Foremost, a rapid and effective response is needed to contain the outbreak and to ensure the survival and wellbeing of every individual affected by or at risk of Ebola.

Beyond this most pressing concern, Ebola highlights a critical—and undertheorized—question in human rights law. Health rights—like all economic, social, and cultural rights—are tied to a state’s obligation to use “the maximum of its available resources” (ICESCR article 2).  The ICESCR requires states parties to take steps “individually and through international assistance and co-operation.”  The international assistance language clearly means that if a country does not have sufficient resources to ensure the economic, social and cultural rights of all, it must pursue international assistance.

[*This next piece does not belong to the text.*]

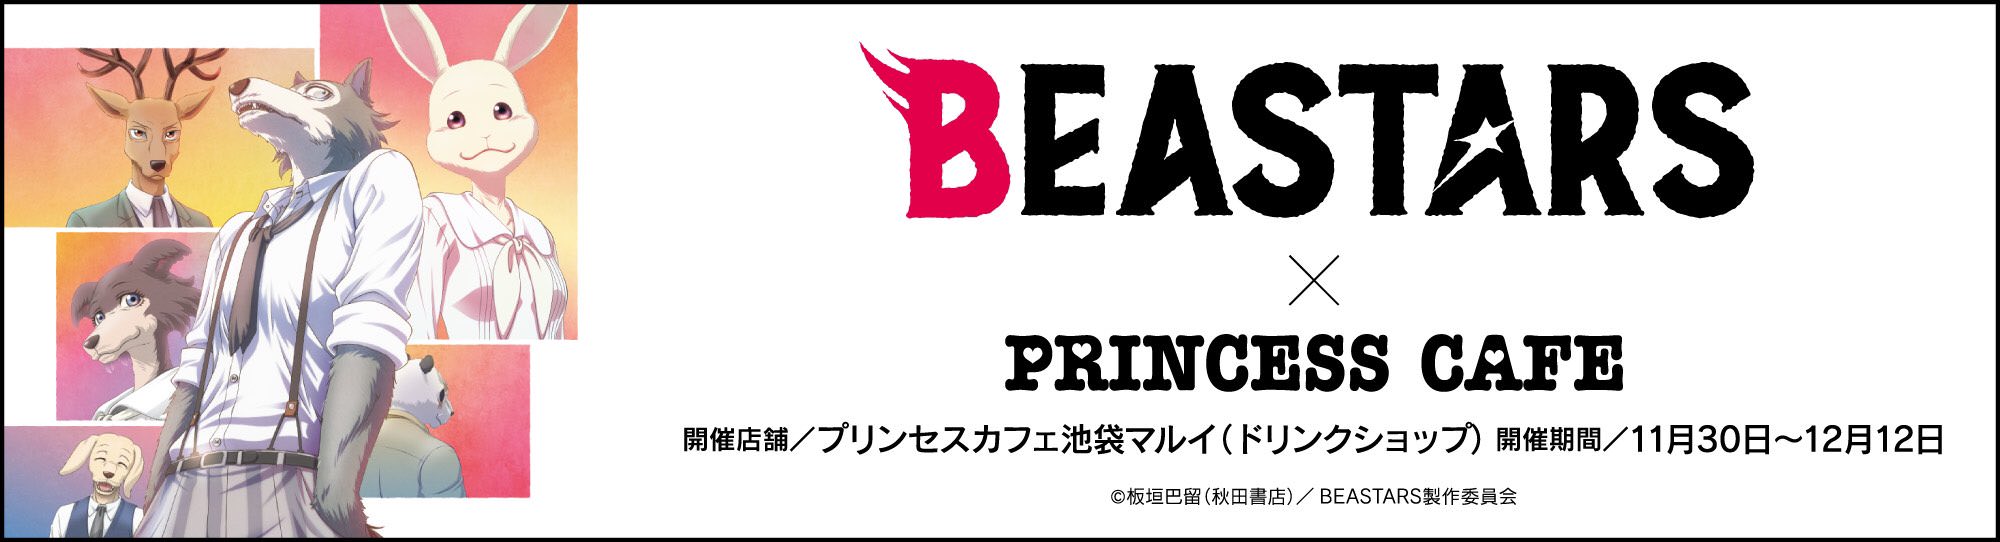 ビースターズ × プリンセスカフェ池袋マルイ 11.30-12.12 コラボ追加開催!!

The unanswered question is what response human rights law requires of wealthier nations. Reading the international assistance language to mean that wealthier nations are obligated to provide assistance suggests a potentially dramatic broadening of human rights law jurisdiction. States parties to human rights treaties agree to ensure rights to all individuals subject to their jurisdiction, not to individuals in other countries with limited resources. On the one hand, saying that wealthier nations have no obligation to give when asked would render the international assistance language meaningless.

Again, today, the immediate priority and obligation must be to ensure the survival of ill and at-risk individuals. However, the Ebola outbreak also challenges human rights scholars and advocates to more clearly articulate the meaning of the “international assistance” requirement of states’ obligations to ensure economic, social and cultural rights.